=== Exercise directions ===
Here are some records; quote them exactly, leaving out the pictures.

Collected data entries
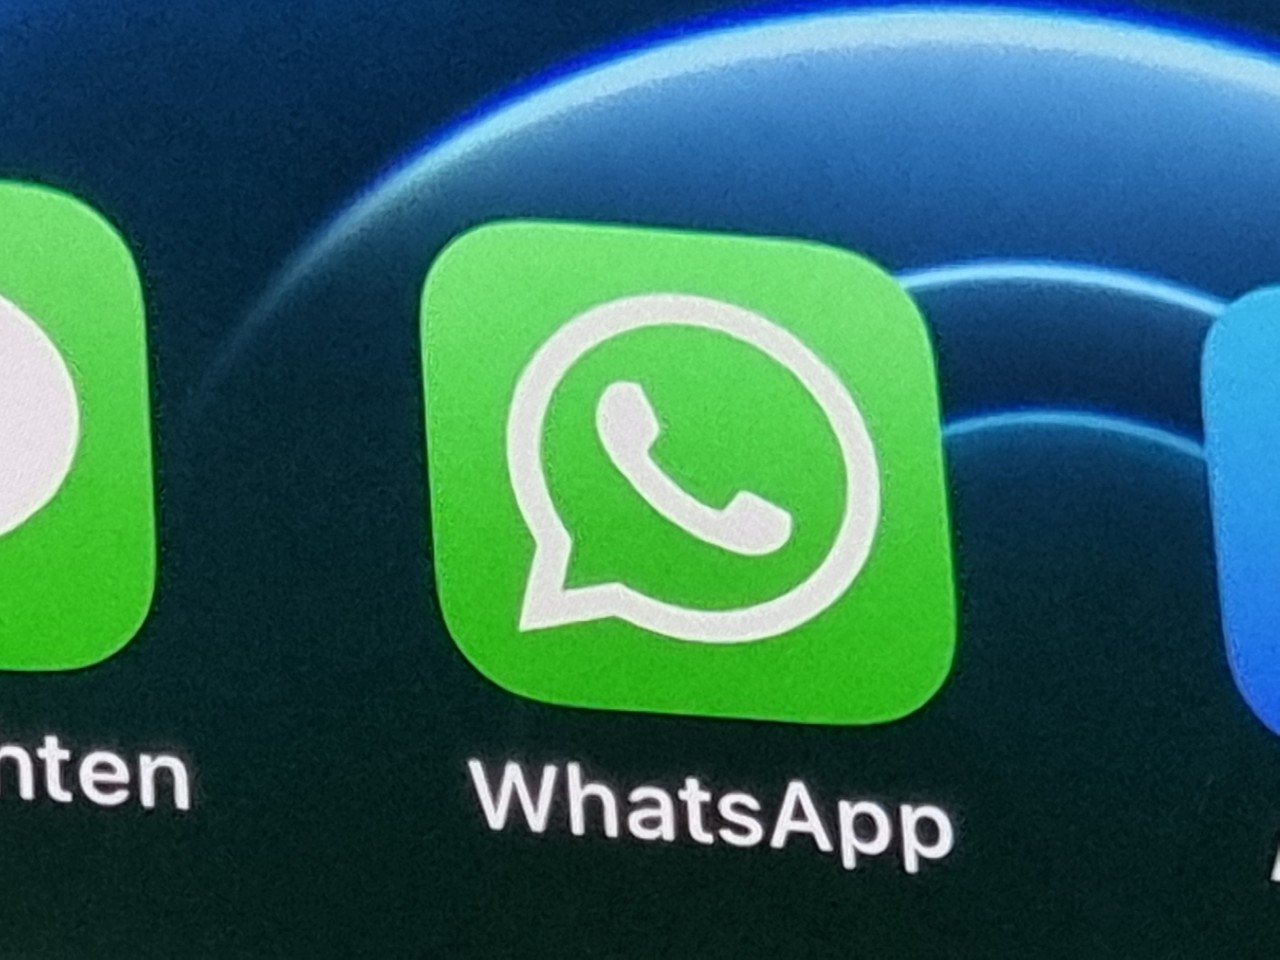 Bei Whatsapp gibt es eine Neuerung bei Anrufen. (Symbolbild)
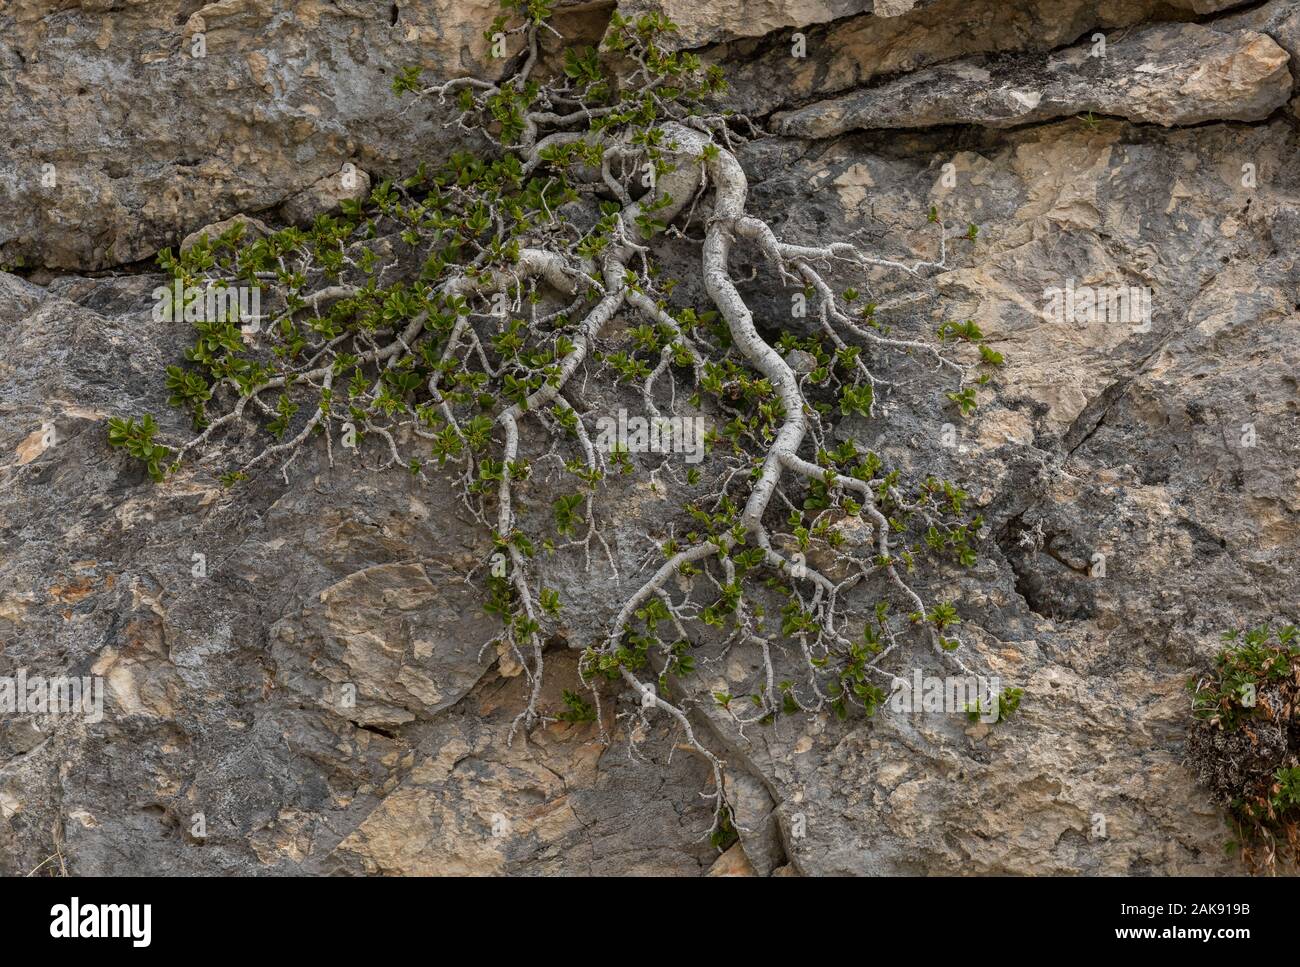 Le nerprun nain, Rhamnus pumila ; bush prostré en fleurs et fruits, sur roche calcaire. Alpes Maritimes. Banque D'Images
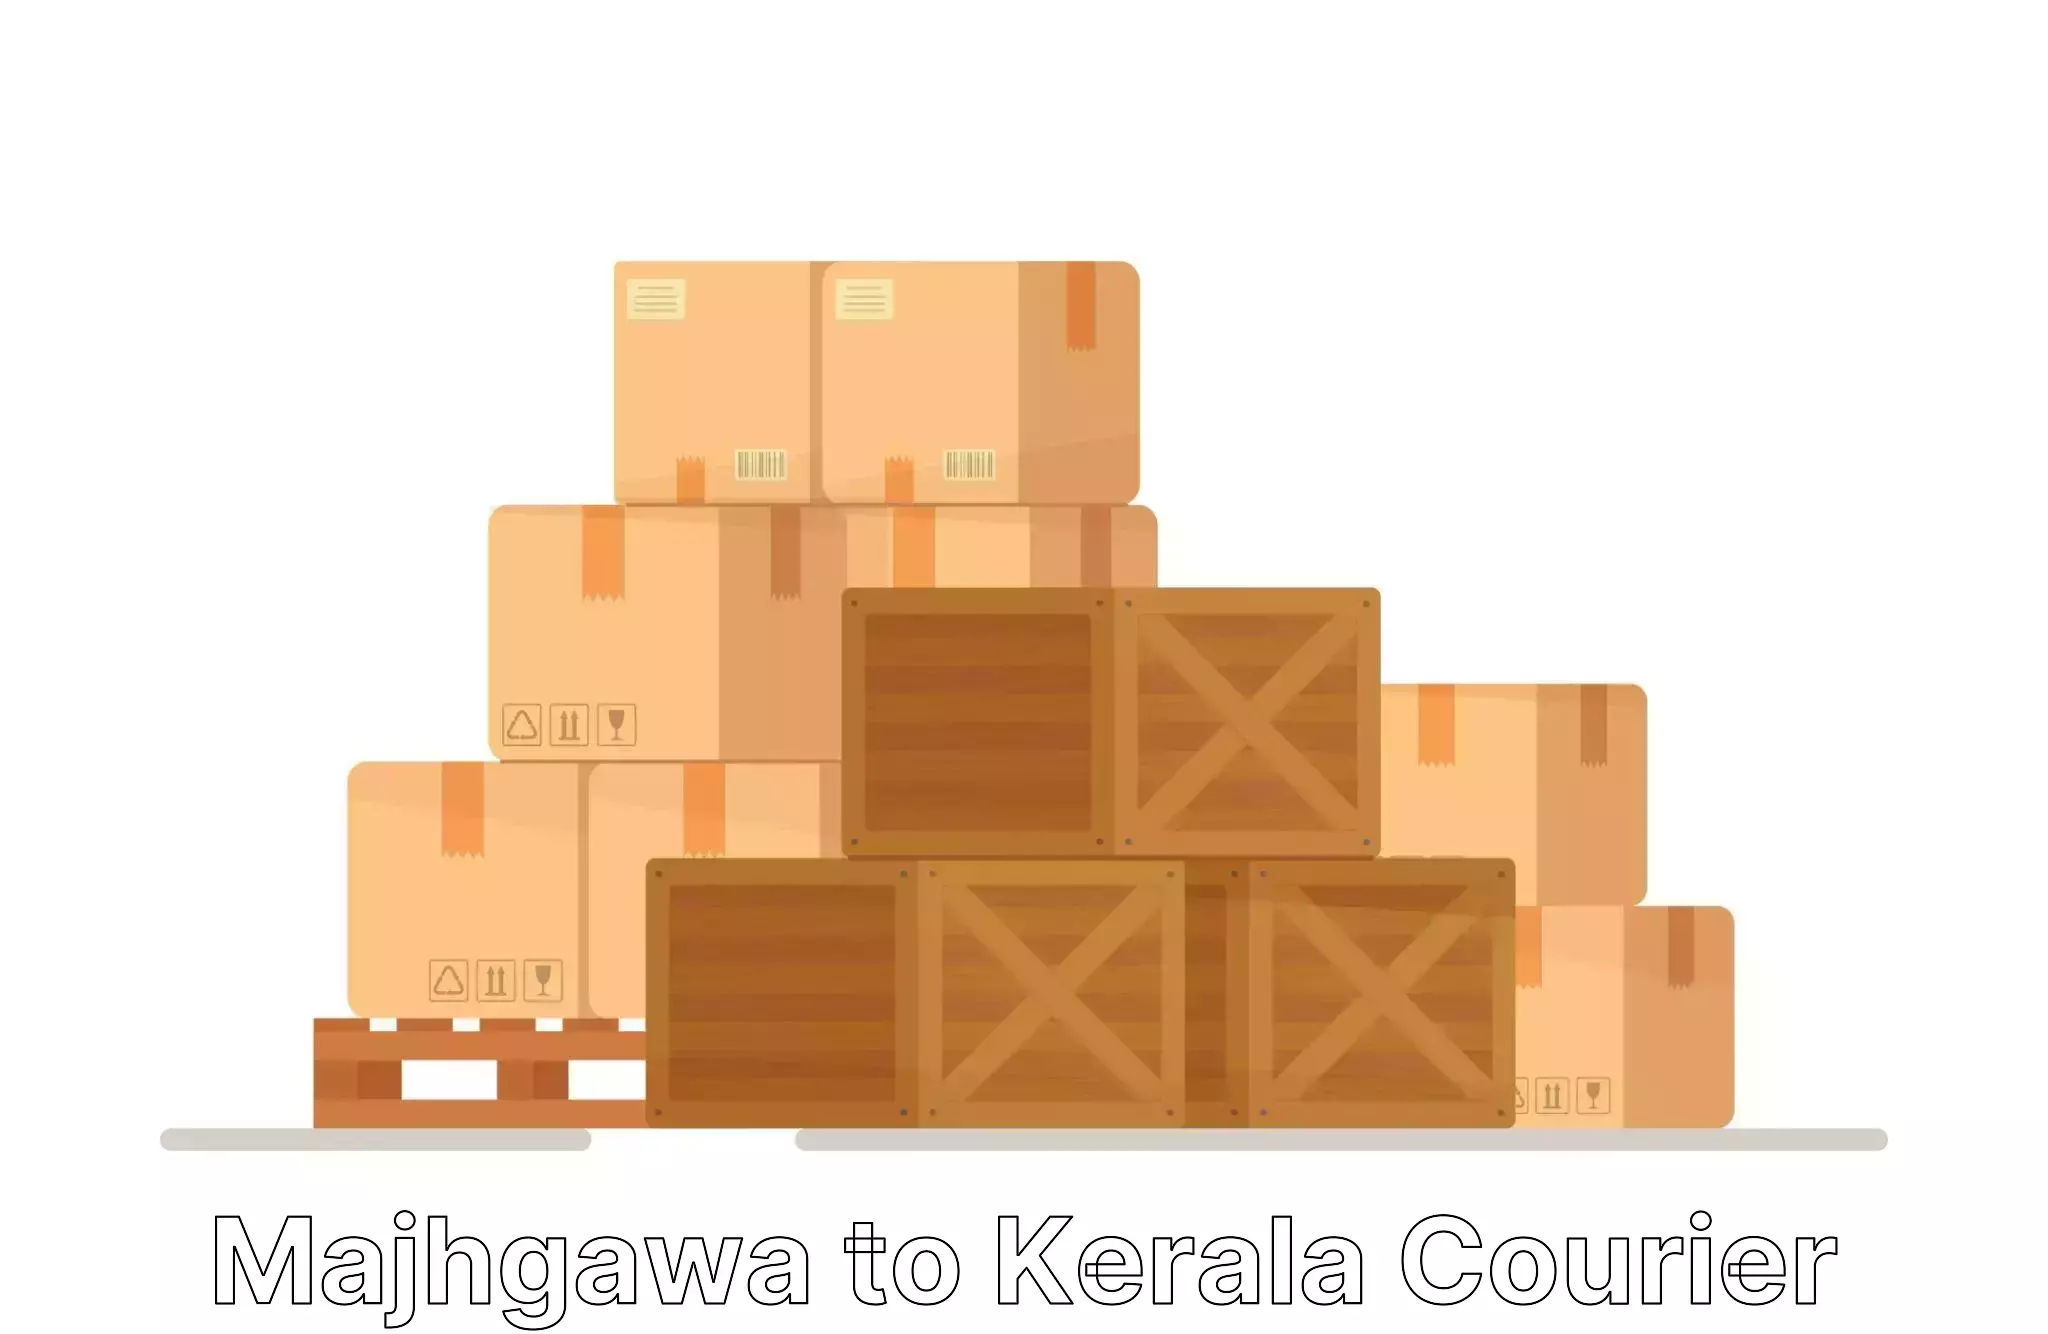 Professional packing and transport Majhgawa to Kollam
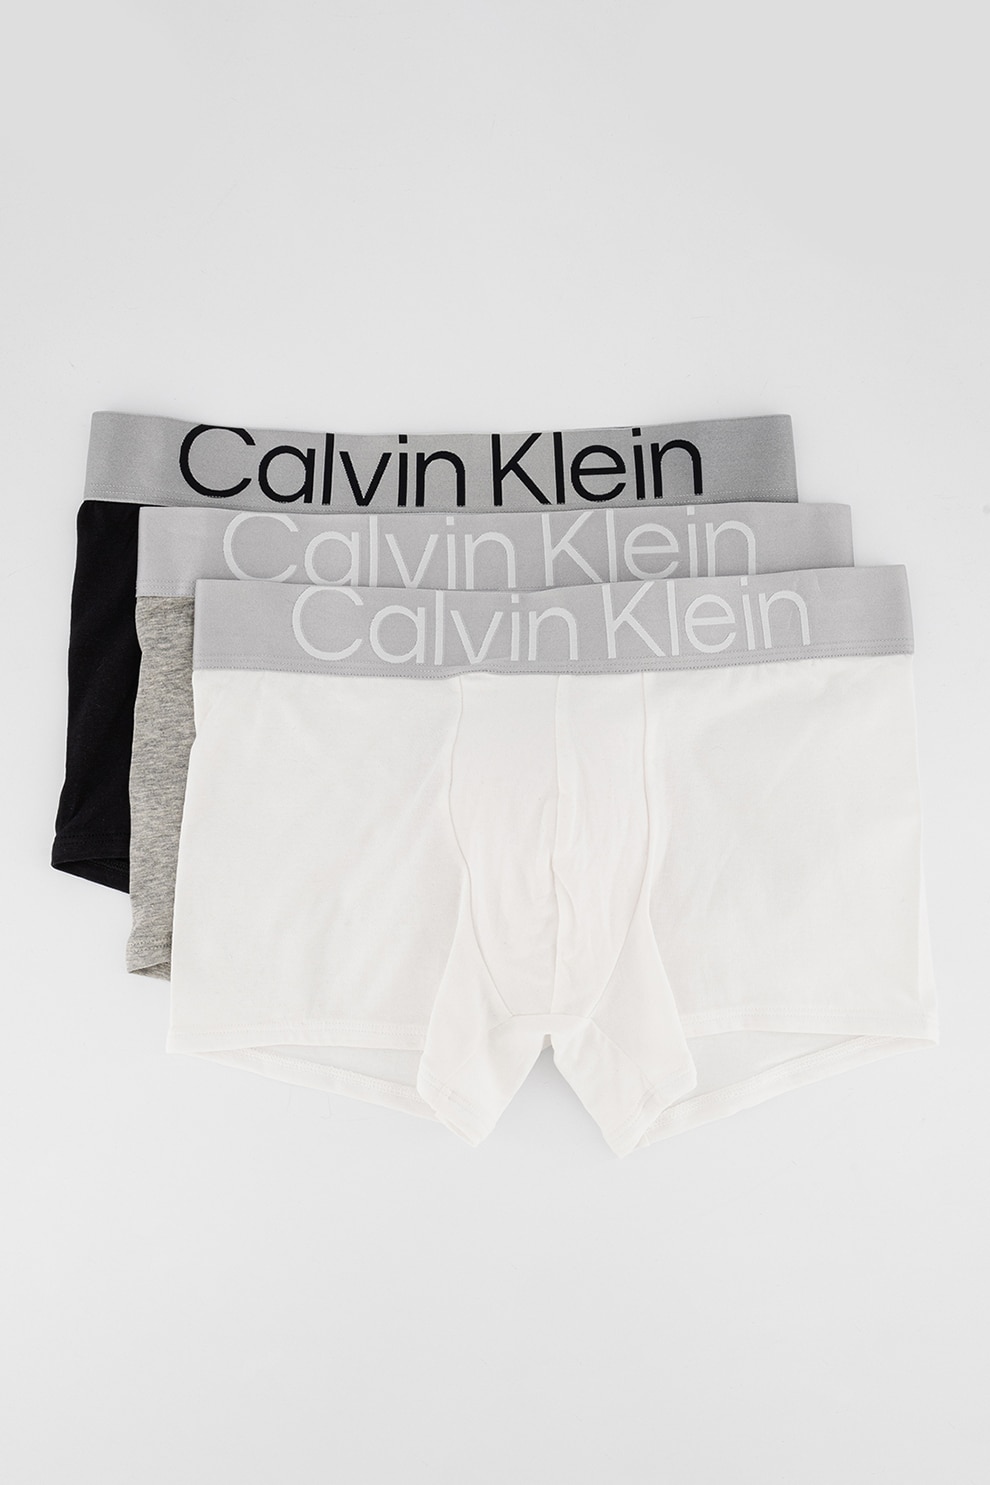 Set de lenjerie intima Calvin Klein, Gri, marimea S 
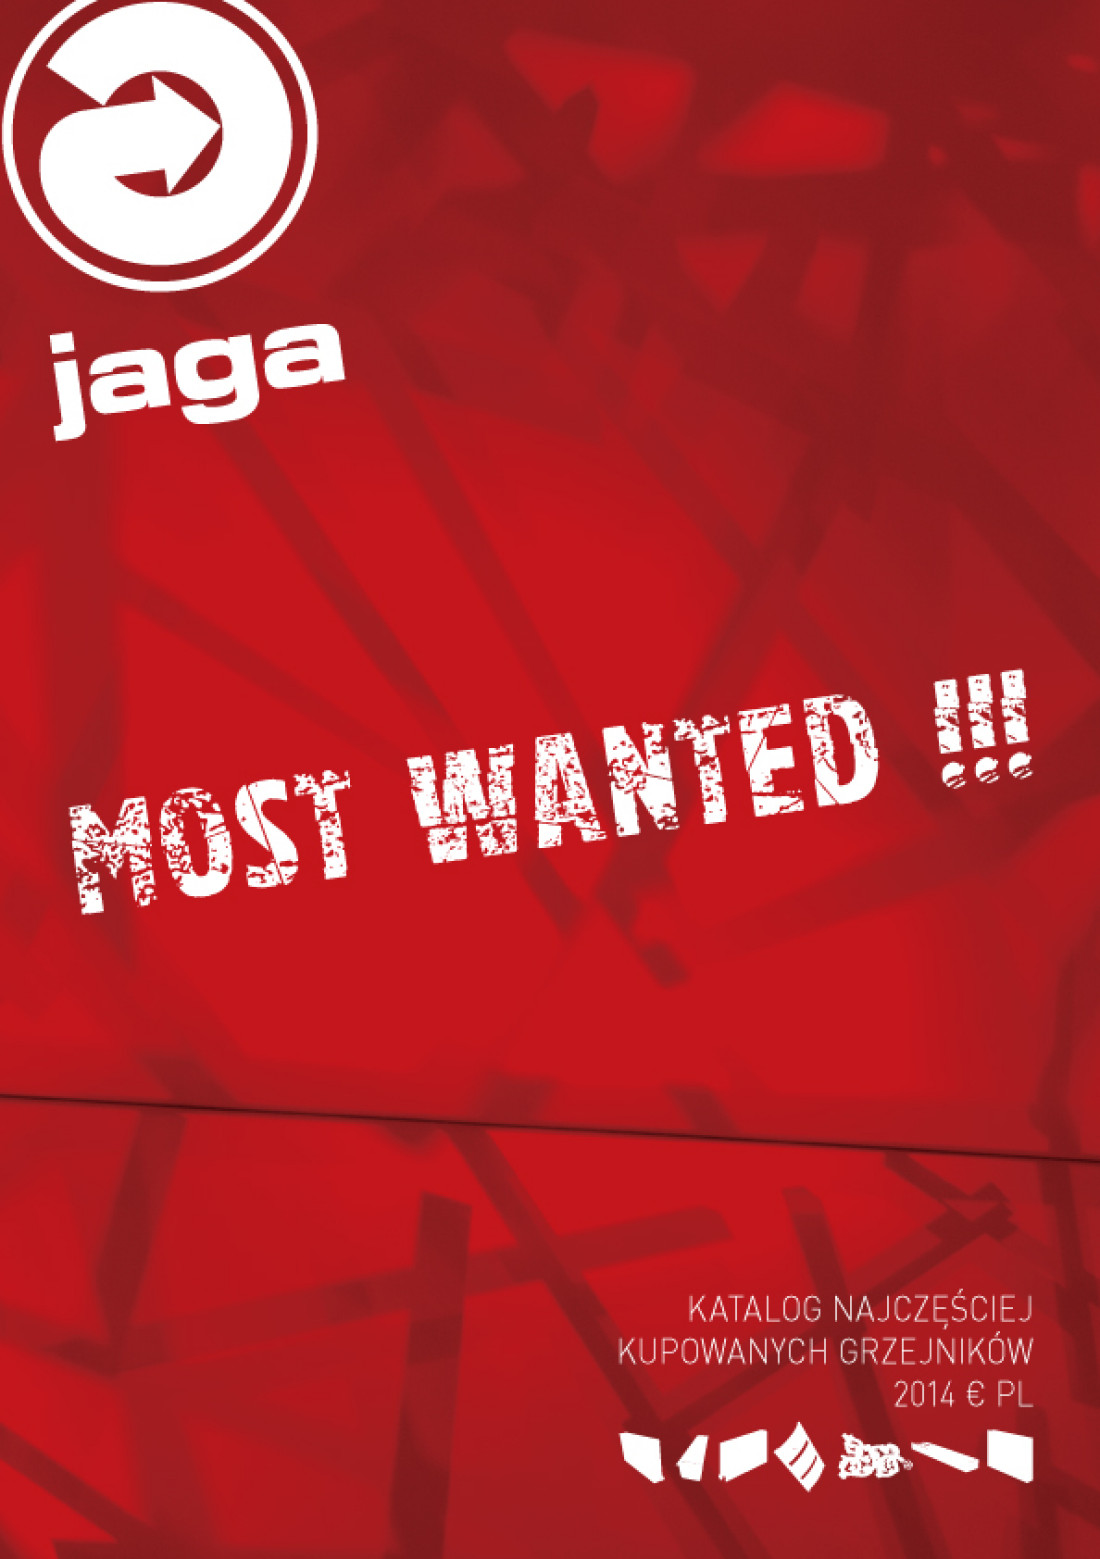 MOST WANTED - katalog grzejników Jaga na 2014 rok

=== Result of this task ===
 Bei Whatsapp gibt es eine Neuerung bei Anrufen. (Symbolbild)
 Le nerprun nain, Rhamnus pumila ; bush prostré en fleurs et fruits, sur roche calcaire. Alpes Maritimes. Banque D'Images
 Professional packing and transport Majhgawa to Kollam
 Set de lenjerie intima Calvin Klein, Gri, marimea S 
 MOST WANTED - katalog grzejników Jaga na 2014 rok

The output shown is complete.